TASK REQUIREMENTS - The whole listing, apart from its images, should be restated word for word.

┌─ COLLECTED DATA

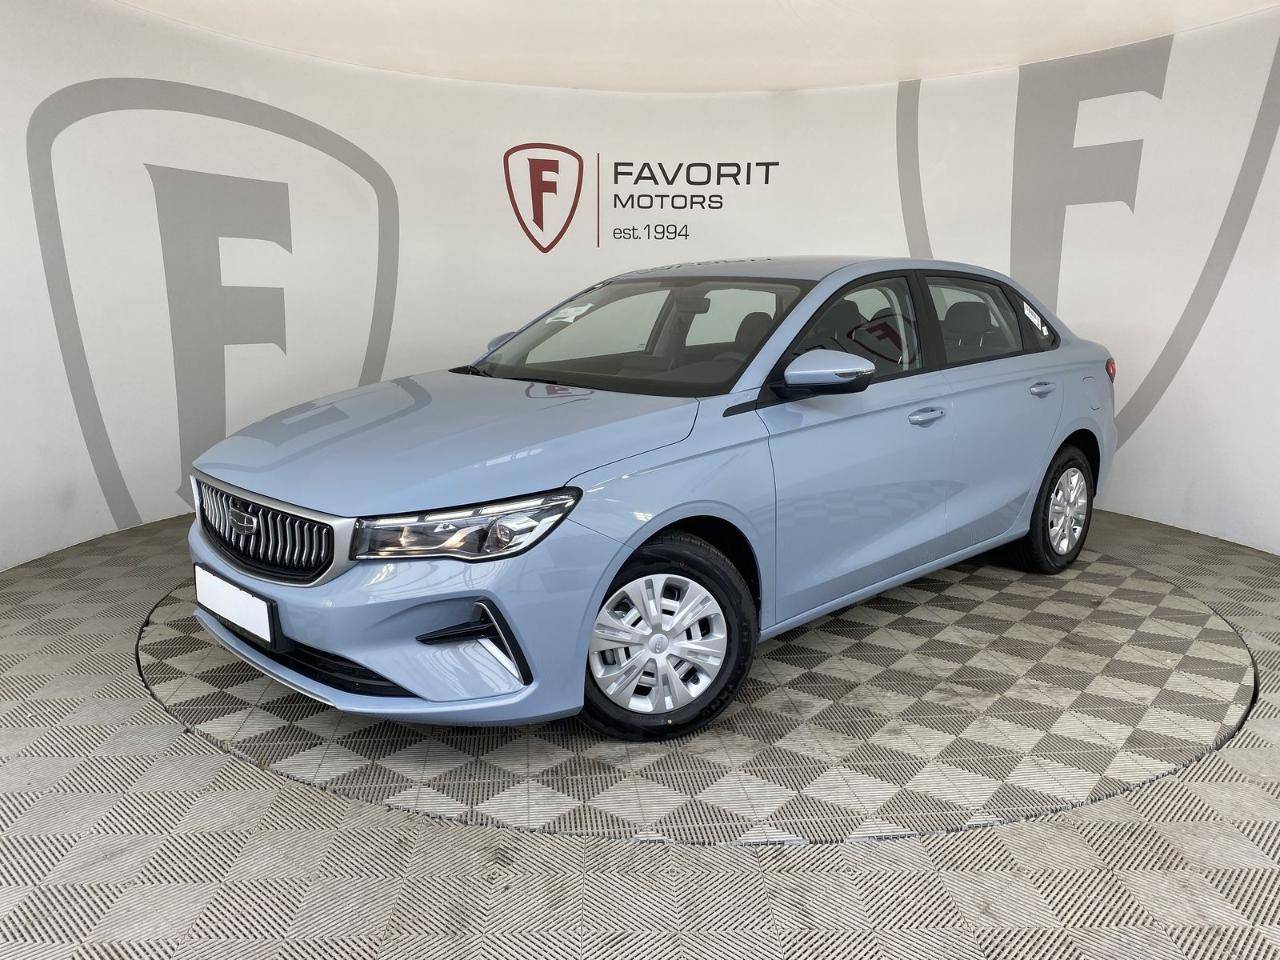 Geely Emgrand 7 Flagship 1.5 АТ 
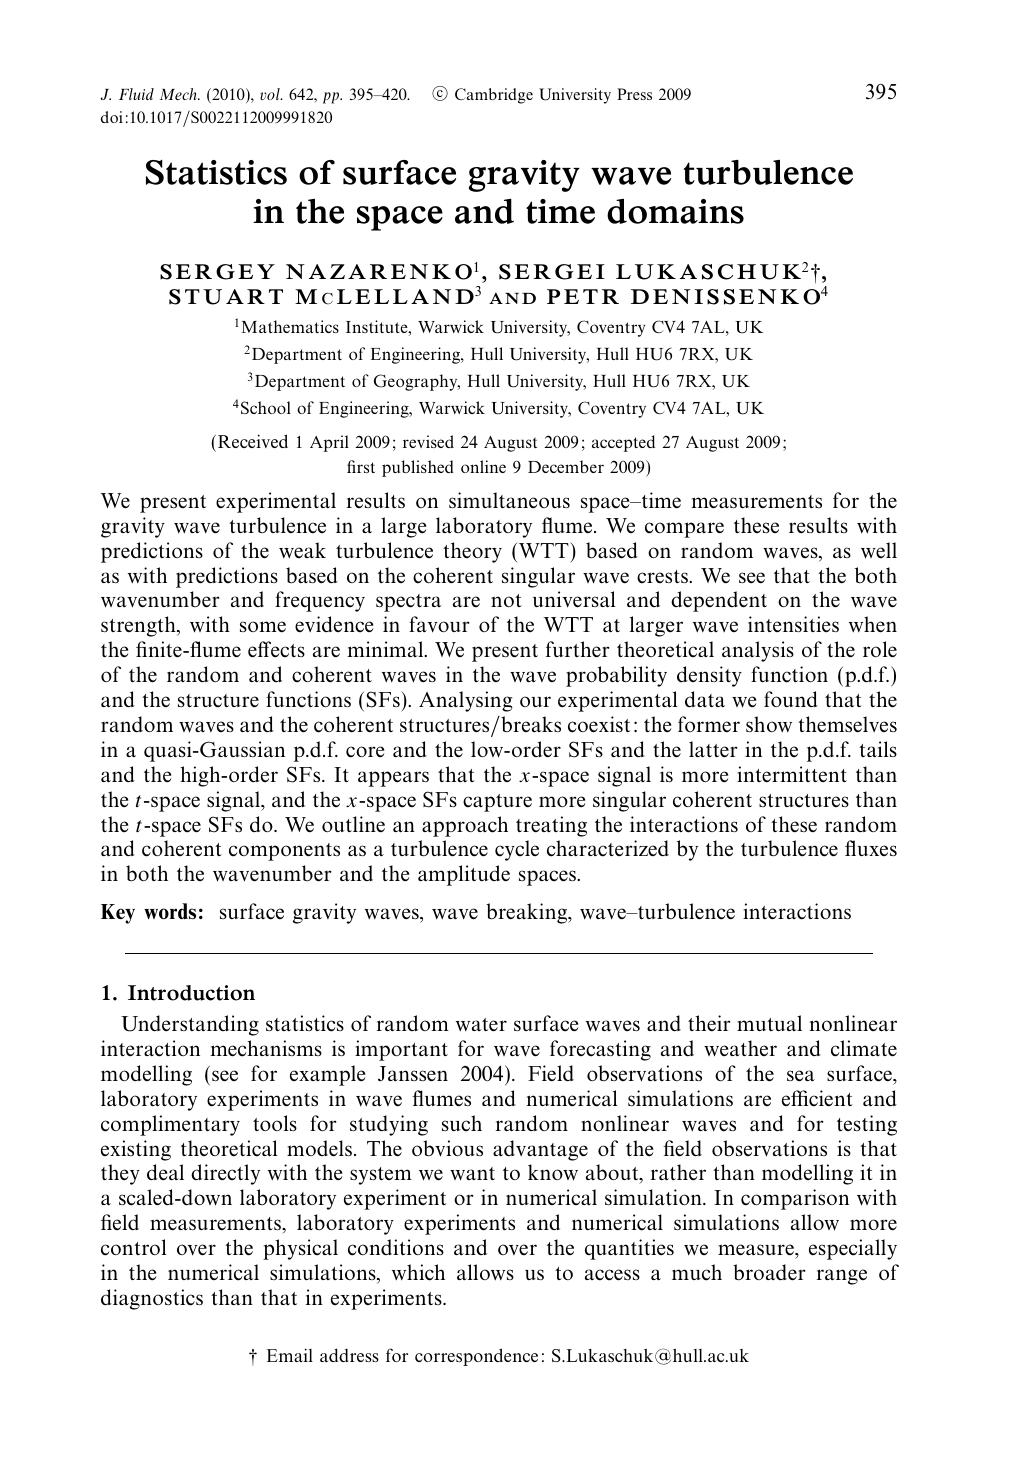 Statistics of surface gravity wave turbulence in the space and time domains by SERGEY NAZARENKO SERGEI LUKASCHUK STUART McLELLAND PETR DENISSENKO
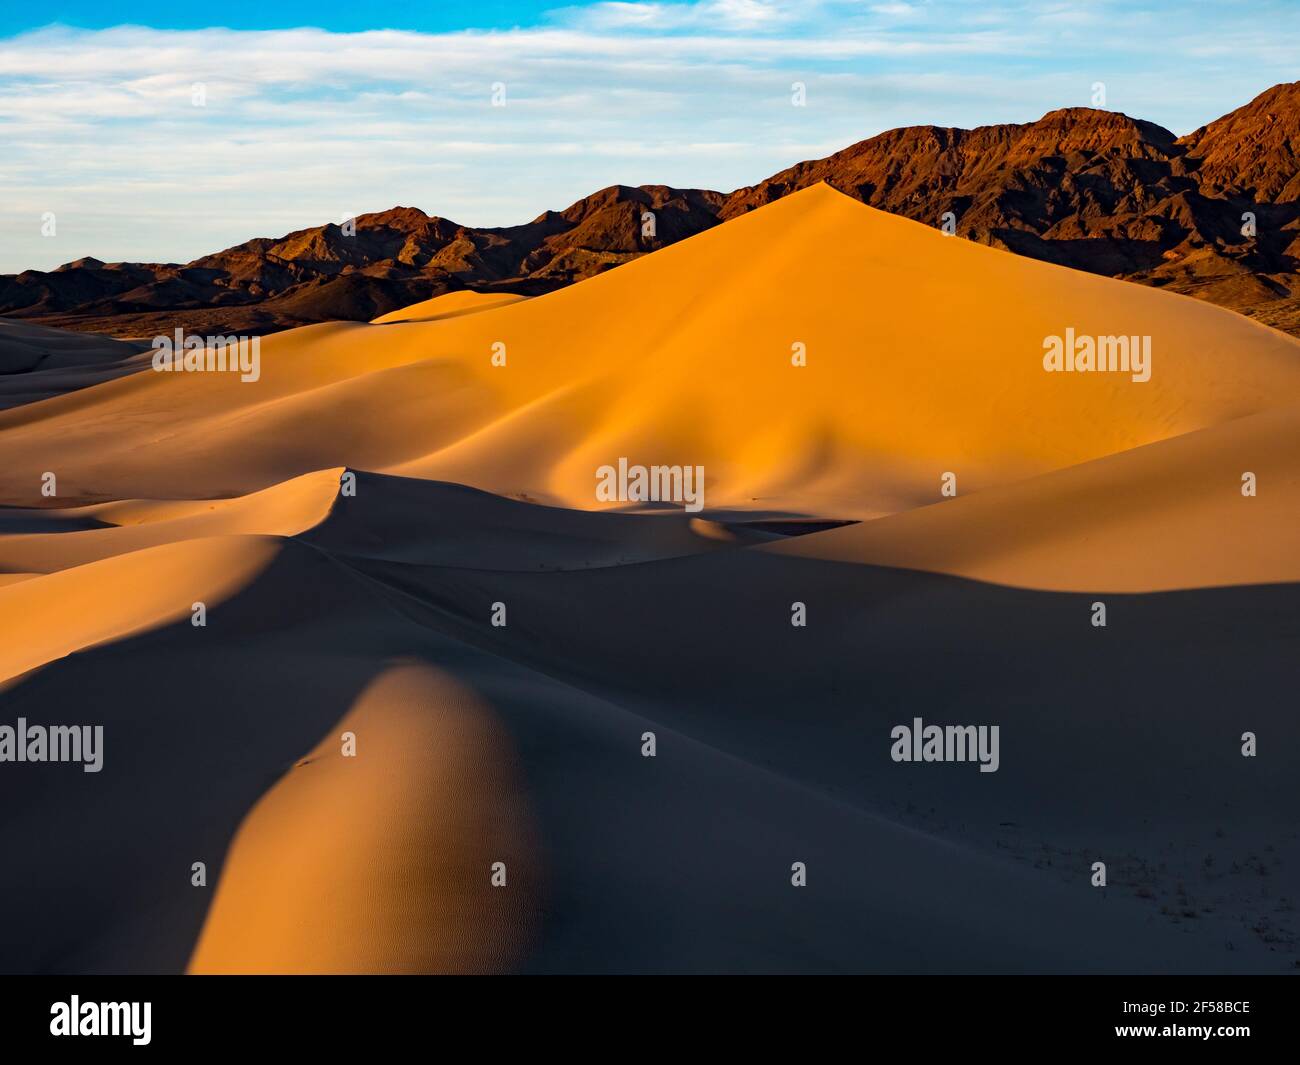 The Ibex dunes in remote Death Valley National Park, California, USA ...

└─

EXPECTED ANSWER -
 Geely Emgrand 7 Flagship 1.5 АТ 
 Statistics of surface gravity wave turbulence in the space and time domains by SERGEY NAZARENKO SERGEI LUKASCHUK STUART McLELLAND PETR DENISSENKO
 The Ibex dunes in remote Death Valley National Park, California, USA ...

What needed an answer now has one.